Your task: Your response should consist of the lines below, printed exactly.

[Records excerpted from a collection]

[Start of section]

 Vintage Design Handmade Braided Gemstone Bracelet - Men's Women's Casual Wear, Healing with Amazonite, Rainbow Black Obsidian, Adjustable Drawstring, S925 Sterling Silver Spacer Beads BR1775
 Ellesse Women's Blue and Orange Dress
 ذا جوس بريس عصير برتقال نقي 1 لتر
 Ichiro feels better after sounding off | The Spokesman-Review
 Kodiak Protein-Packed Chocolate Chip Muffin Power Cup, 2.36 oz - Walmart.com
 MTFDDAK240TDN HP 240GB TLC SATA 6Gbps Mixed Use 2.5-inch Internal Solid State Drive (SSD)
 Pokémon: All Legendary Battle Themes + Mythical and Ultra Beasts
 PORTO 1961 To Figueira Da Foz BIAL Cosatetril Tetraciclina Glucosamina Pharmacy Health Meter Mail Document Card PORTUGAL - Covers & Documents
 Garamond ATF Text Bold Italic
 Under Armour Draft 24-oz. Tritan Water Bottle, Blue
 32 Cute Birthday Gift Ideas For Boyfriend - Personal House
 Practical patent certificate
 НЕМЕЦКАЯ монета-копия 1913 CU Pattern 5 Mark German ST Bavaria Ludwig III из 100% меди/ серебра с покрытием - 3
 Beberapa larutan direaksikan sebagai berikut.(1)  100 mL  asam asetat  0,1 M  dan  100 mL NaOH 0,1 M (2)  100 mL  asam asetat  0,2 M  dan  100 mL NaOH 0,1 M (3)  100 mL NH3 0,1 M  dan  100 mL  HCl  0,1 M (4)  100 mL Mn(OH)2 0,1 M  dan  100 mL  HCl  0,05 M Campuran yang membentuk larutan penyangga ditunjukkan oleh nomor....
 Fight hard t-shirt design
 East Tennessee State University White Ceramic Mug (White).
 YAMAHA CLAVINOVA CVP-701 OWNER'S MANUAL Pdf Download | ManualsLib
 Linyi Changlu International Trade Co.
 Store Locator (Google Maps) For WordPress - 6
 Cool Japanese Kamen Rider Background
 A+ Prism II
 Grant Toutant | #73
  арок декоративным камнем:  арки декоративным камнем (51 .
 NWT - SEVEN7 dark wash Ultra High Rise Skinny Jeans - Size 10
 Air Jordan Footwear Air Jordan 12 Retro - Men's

[End of section]

Result of this exercise:
 Vintage Design Handmade Braided Gemstone Bracelet - Men's Women's Casual Wear, Healing with Amazonite, Rainbow Black Obsidian, Adjustable Drawstring, S925 Sterling Silver Spacer Beads BR1775
 Ellesse Women's Blue and Orange Dress
 ذا جوس بريس عصير برتقال نقي 1 لتر
 Ichiro feels better after sounding off | The Spokesman-Review
 Kodiak Protein-Packed Chocolate Chip Muffin Power Cup, 2.36 oz - Walmart.com
 MTFDDAK240TDN HP 240GB TLC SATA 6Gbps Mixed Use 2.5-inch Internal Solid State Drive (SSD)
 Pokémon: All Legendary Battle Themes + Mythical and Ultra Beasts
 PORTO 1961 To Figueira Da Foz BIAL Cosatetril Tetraciclina Glucosamina Pharmacy Health Meter Mail Document Card PORTUGAL - Covers & Documents
 Garamond ATF Text Bold Italic
 Under Armour Draft 24-oz. Tritan Water Bottle, Blue
 32 Cute Birthday Gift Ideas For Boyfriend - Personal House
 Practical patent certificate
 НЕМЕЦКАЯ монета-копия 1913 CU Pattern 5 Mark German ST Bavaria Ludwig III из 100% меди/ серебра с покрытием - 3
 Beberapa larutan direaksikan sebagai berikut.(1)  100 mL  asam asetat  0,1 M  dan  100 mL NaOH 0,1 M (2)  100 mL  asam asetat  0,2 M  dan  100 mL NaOH 0,1 M (3)  100 mL NH3 0,1 M  dan  100 mL  HCl  0,1 M (4)  100 mL Mn(OH)2 0,1 M  dan  100 mL  HCl  0,05 M Campuran yang membentuk larutan penyangga ditunjukkan oleh nomor....
 Fight hard t-shirt design
 East Tennessee State University White Ceramic Mug (White).
 YAMAHA CLAVINOVA CVP-701 OWNER'S MANUAL Pdf Download | ManualsLib
 Linyi Changlu International Trade Co.
 Store Locator (Google Maps) For WordPress - 6
 Cool Japanese Kamen Rider Background
 A+ Prism II
 Grant Toutant | #73
  арок декоративным камнем:  арки декоративным камнем (51 .
 NWT - SEVEN7 dark wash Ultra High Rise Skinny Jeans - Size 10
 Air Jordan Footwear Air Jordan 12 Retro - Men's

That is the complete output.